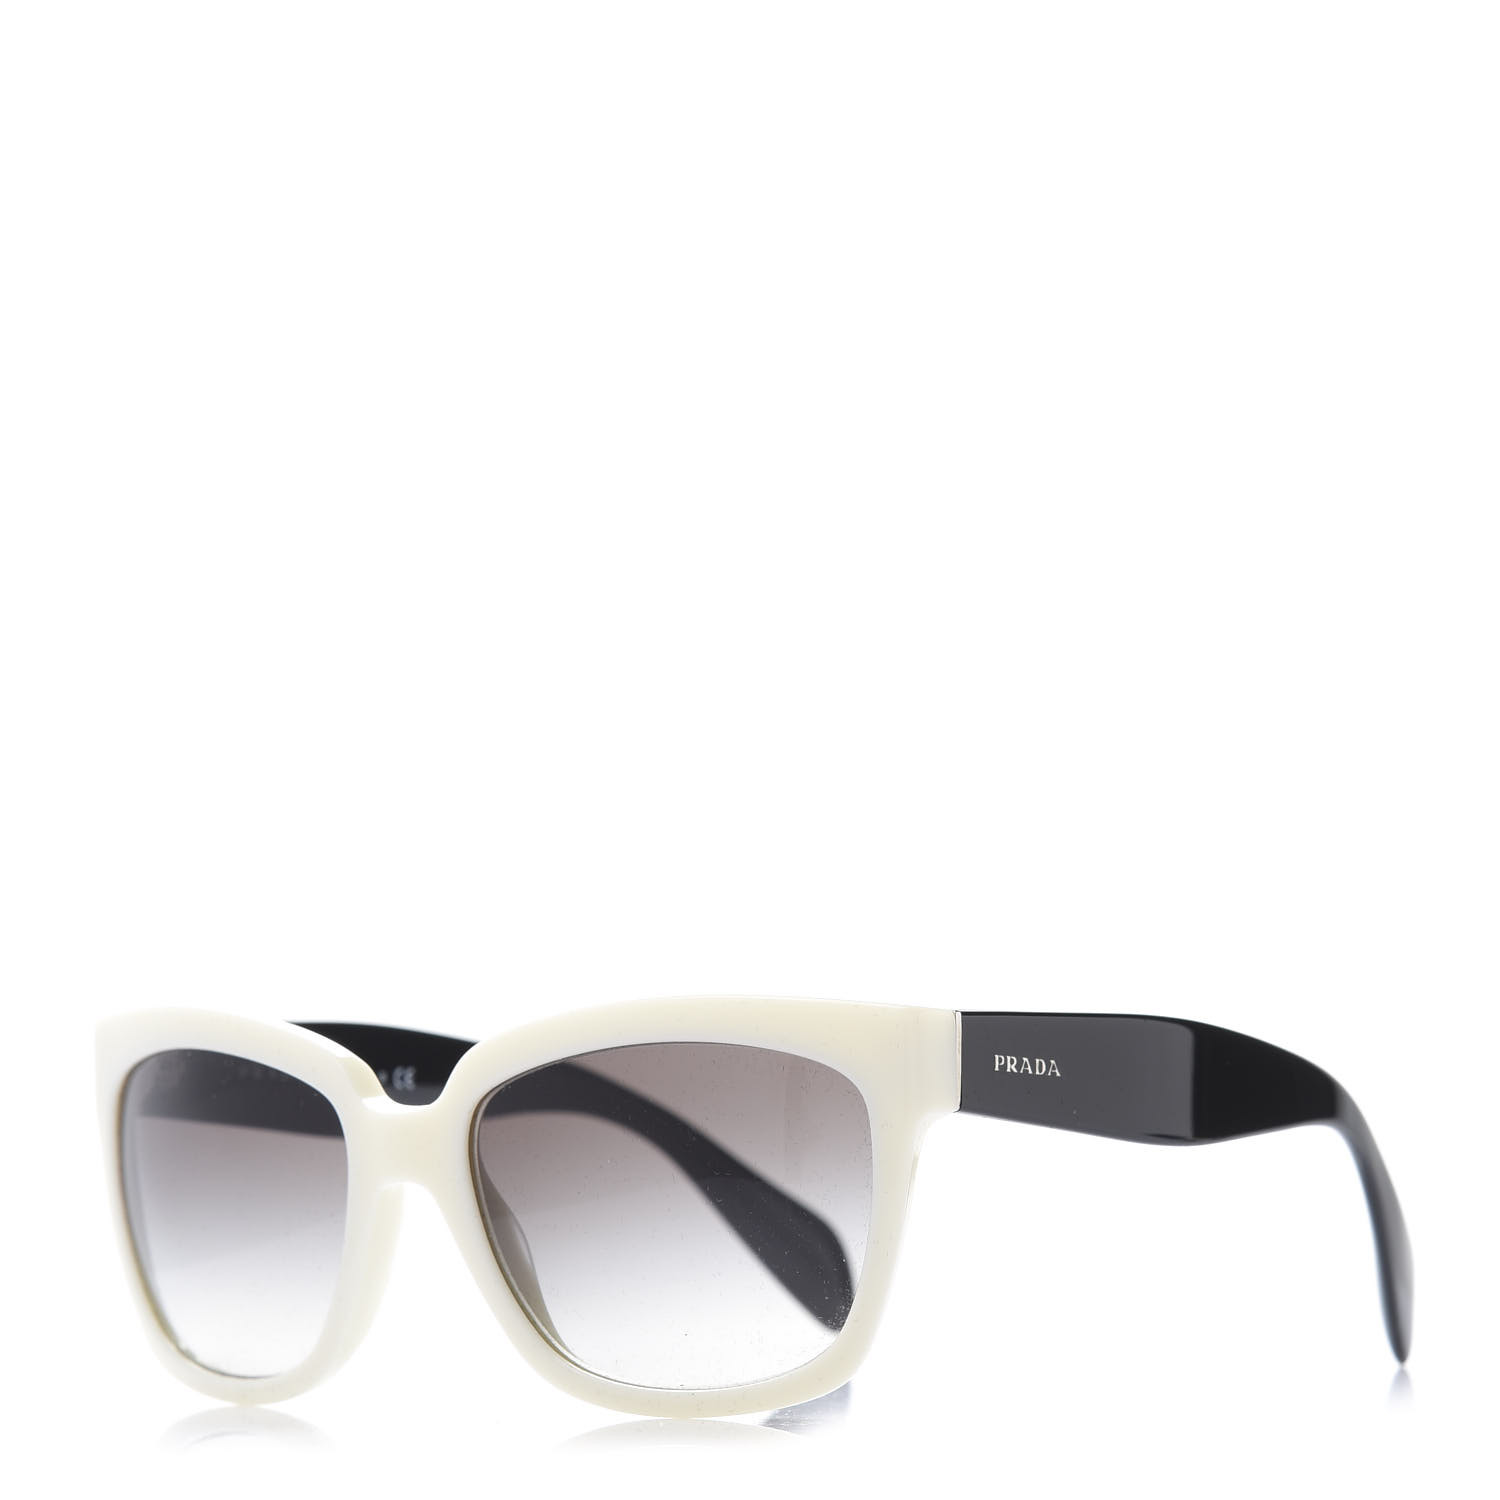 PRADA Sunglasses SPR 07P Black White 
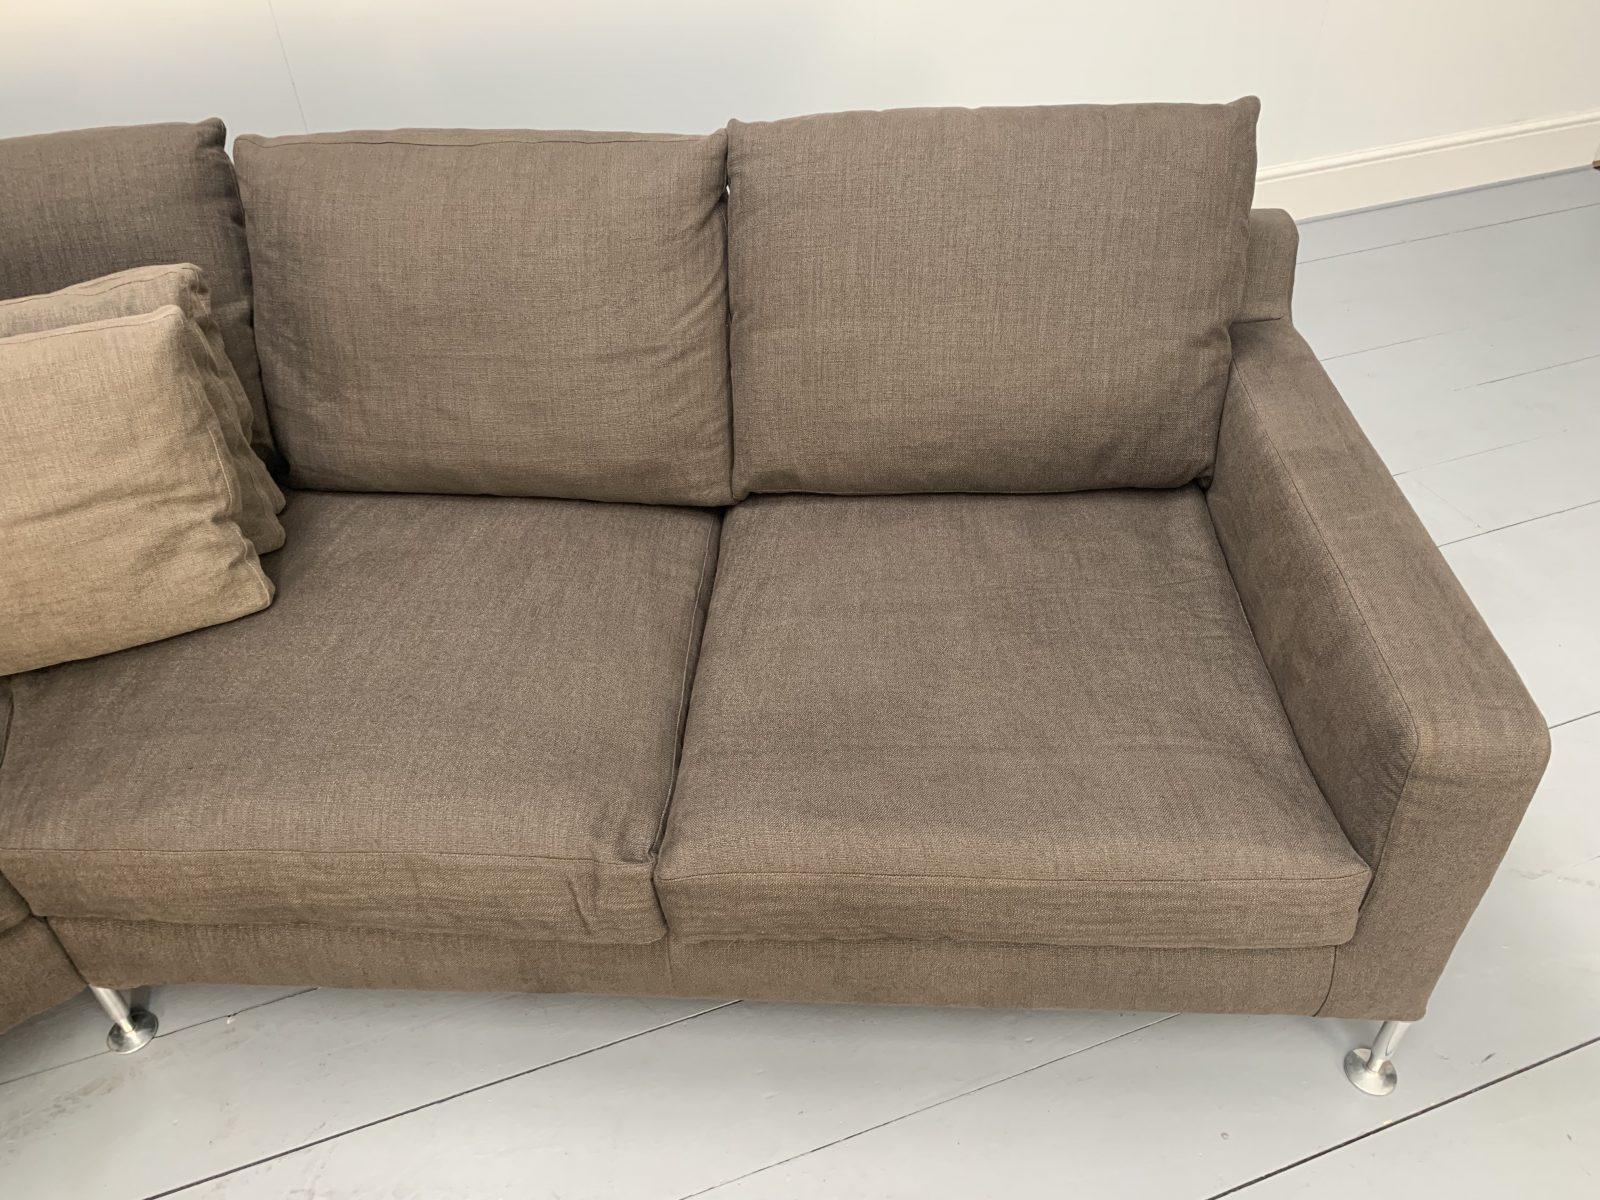 B&B Italia “Harry HL375” 5-Seat Sofa in Dark Brown Linen For Sale 2
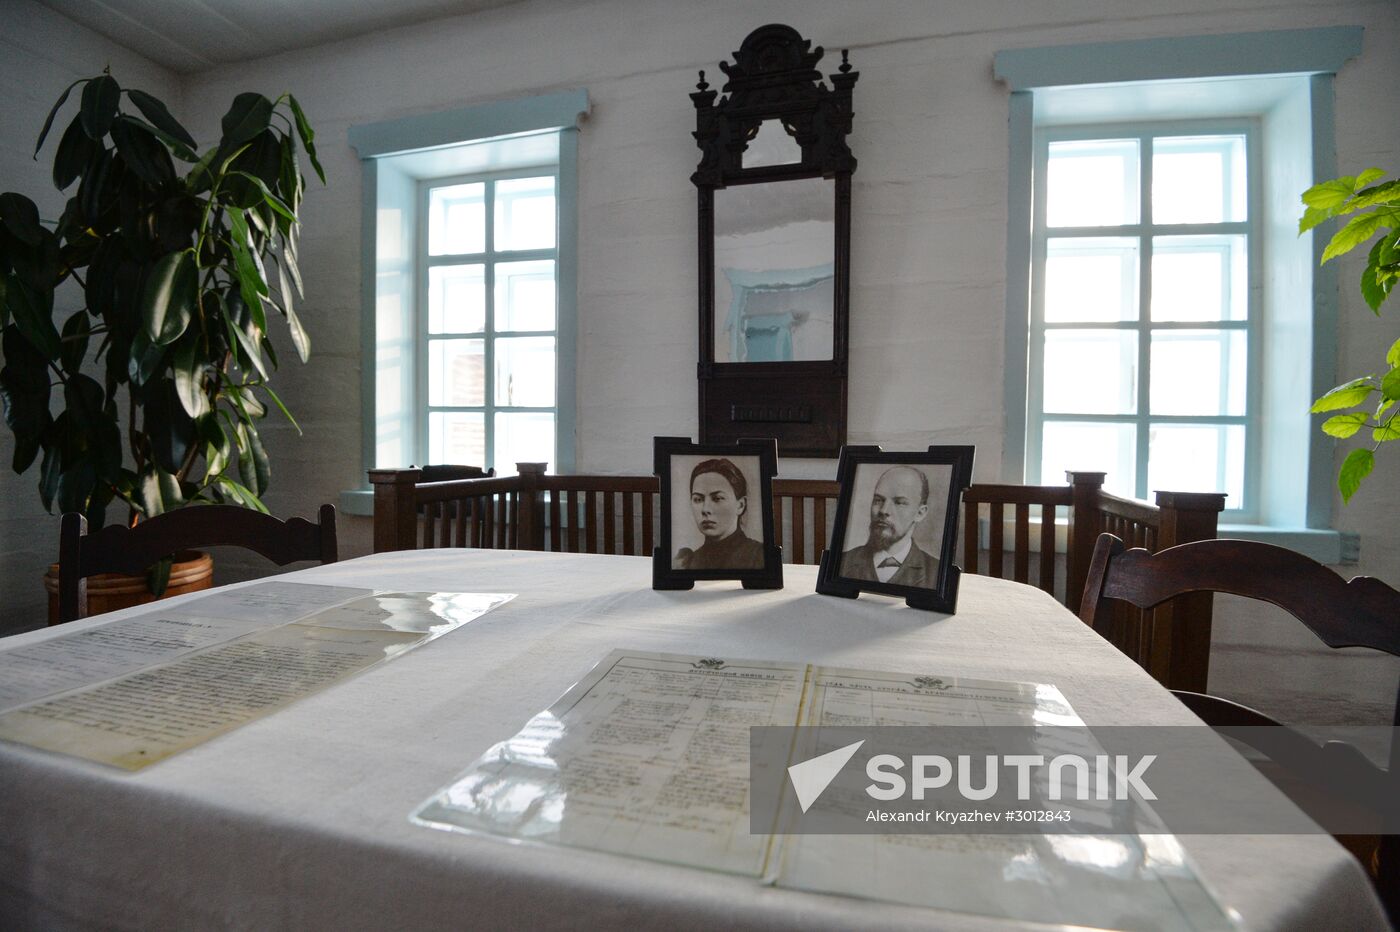 Shushenskoye Museum-Reserve in Krasnoyarsk Territory
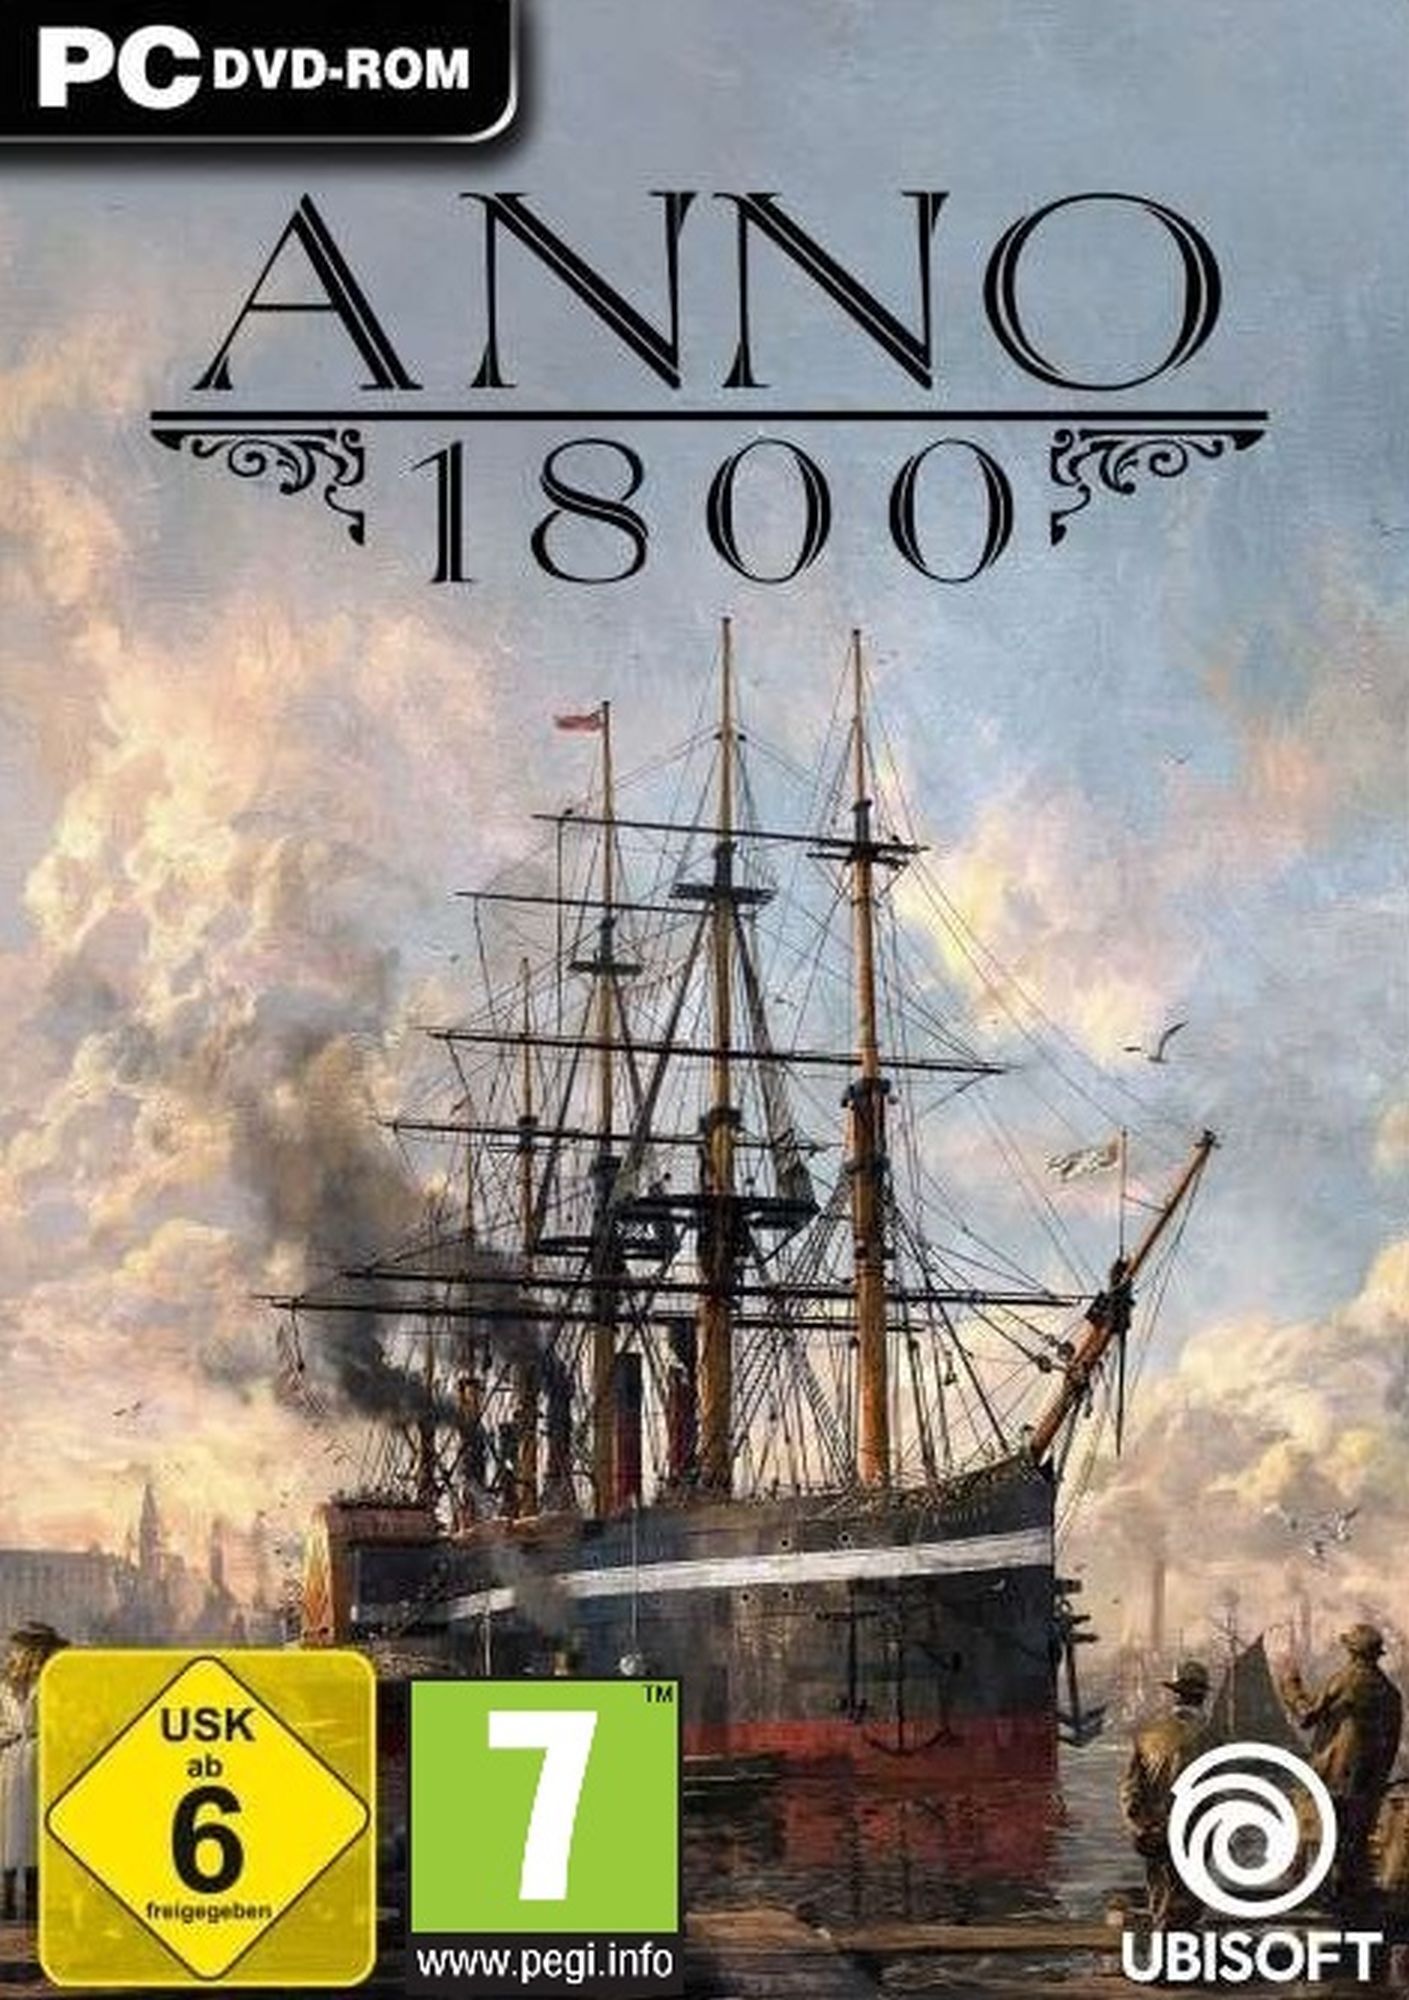 Ubisoft - Anno 1800 [DVD] [PC] (D)

Work instructions: From the material above, print everything exactly except the pictures.

Response to the exercise:
 PRADA Sunglasses SPR 07P Black White 
 B&B Italia “Harry HL375” 5-Seat Sofa in Dark Brown Linen For Sale 2
 Shushenskoye Museum-Reserve in Krasnoyarsk Territory
 Ubisoft - Anno 1800 [DVD] [PC] (D)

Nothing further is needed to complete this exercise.